The purpose of parallel processing is to speed up the computer processing capability and increase its throughput, that is, the amount of processing that can be accomplished during a given interval of time.

The amount of hardware increases with parallel processing and with it, the cost of the system increases.

However, technological developments have reduced hardware costs to the point where parallel processing techniques are economically feasible.

We distinguish between parallel and serial operations by the type of registers used. Shift registers operate in serial fashion one bit at a time, while registers with parallel load operate with all the bits of the word simultaneously

Figure 1 shows one possible way of separating the execution unit into eight functional units operating in parallel. The operands in the registers are applied to one of the units depending on the operation specified by the instruction associated with the operands

All units are independent of each other, so one number can be shifted while another number is being incremented.

A multifunctional organization is usually associated with a complex control unit to coordinate all the activities among the various components.

One classification introduced by M. J. Flynn considers the organization of a computer system by the number of instructions and data items that are manipulated simultaneously. The normal operation of a computer is to fetch instructions from memory and execute them in the processor.

The sequence of instructions read from memory constitutes an instruction stream . The operations performed on the data in the processor constitutes a data stream .

Parallel processing may occur in the instruction stream, in the data stream, or in both. Flynn's classification divides computers into four major groups as follows:

Single instruction stream, single data stream (SISD)
Single instruction stream, multiple data stream (SIMD)
Multiple instruction stream, single data stream (MISD)
Multiple instruction stream, multiple data stream (MIMD)

SISD represents the organization of a single computer containing a control unit, a processor unit, and a memory unit.

Instructions are executed sequentially and the system may or may not have internal parallel processing capabilities.

Parallel processing in this case may be achieved by means of multiple functional units or by pipeline processing.

SIMD represents an organization that includes many processing units under the supervision of a common control unit.

All processors receive the same instruction from the control unit but operate on different items of data.

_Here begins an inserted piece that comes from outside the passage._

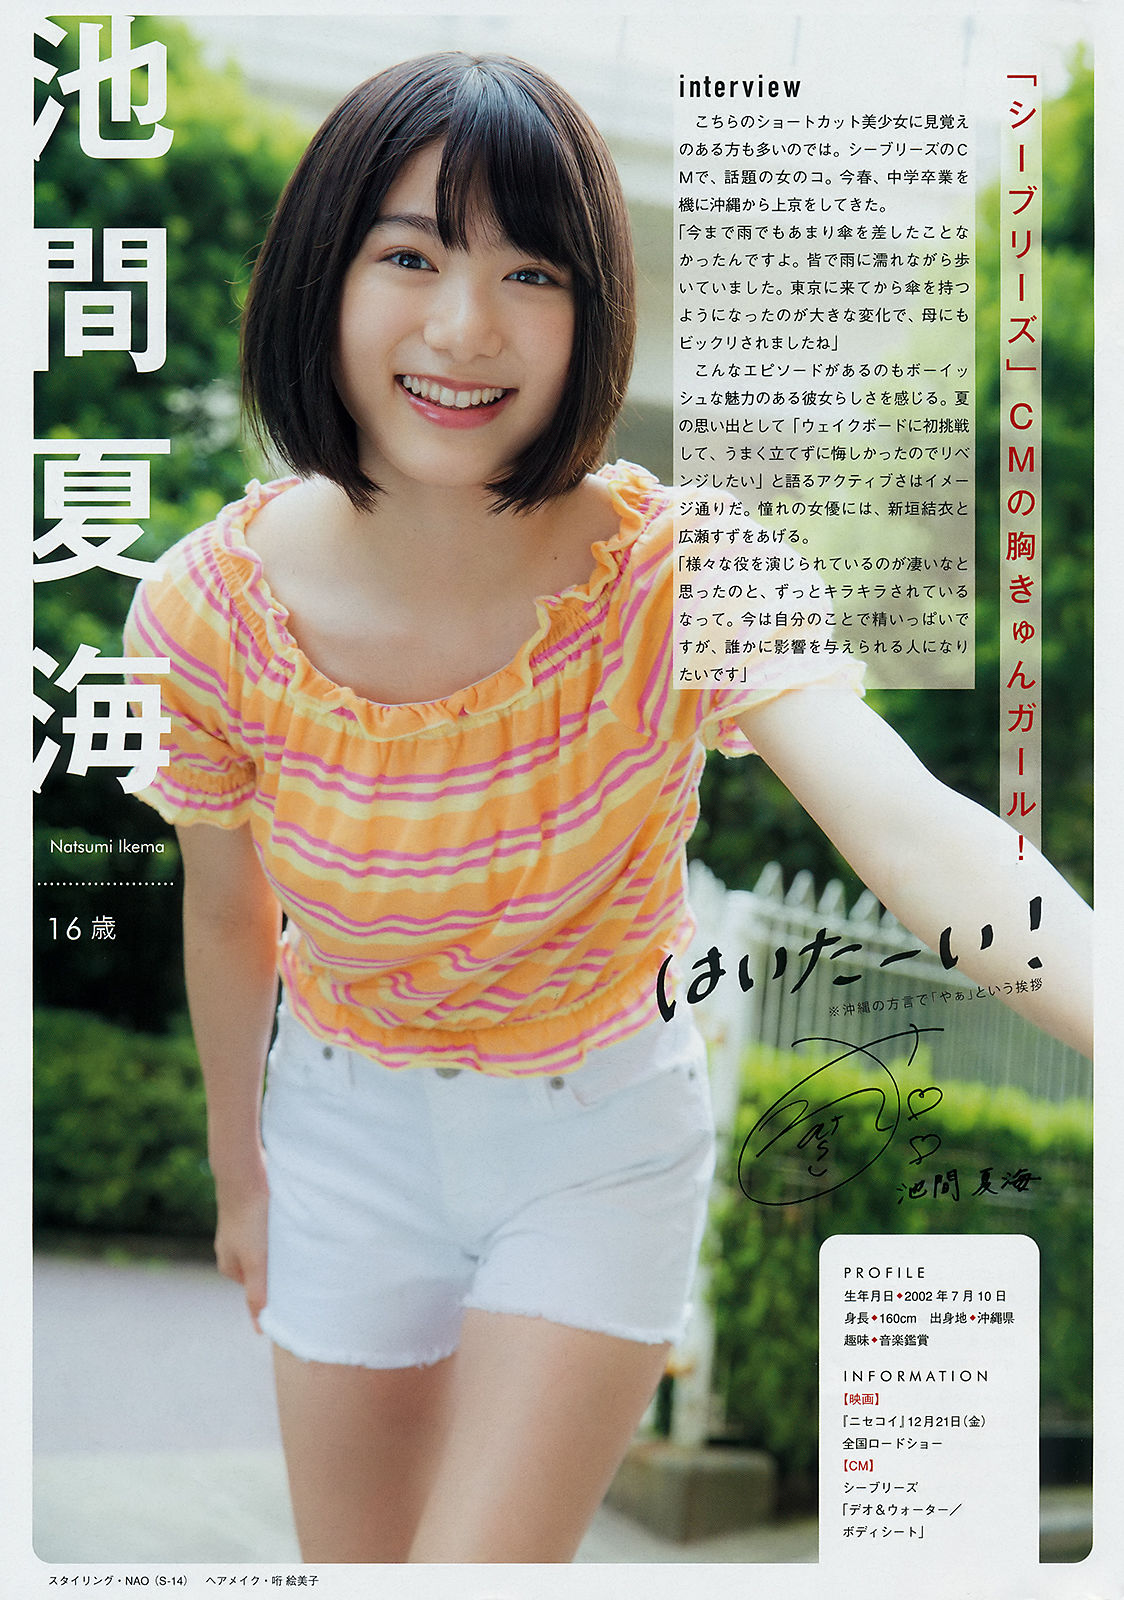 [Young Magazine] Hinako Sano 2018 No.45 Photograph Page 7 No.3ba2b9

The shared memory unit must contain multiple modules so that it can communicate with all the processors simultaneously.

MISD structure is only of theoretical interest since no practical system has been constructed using this organization.

MIMD organization refers to a computer system capable of processing several programs at the same time. Most multiprocessor and multicomputer systems can be classified in this category.

Flynn's classification depends on the distinction between the performance of the control unit and the data-processing unit.

It emphasizes the behavioral characteristics of the computer system rather than its operational and structural interconnections.

Pipelining is a technique of decomposing a sequential process into suboperations, with each subprocess being executed in a special dedicated segment that operates concurrently with all other segments.

A pipeline can be visualized as a collection of processing segments through which binary information flows. Each segment performs partial processing dictated by the way the task is partitioned.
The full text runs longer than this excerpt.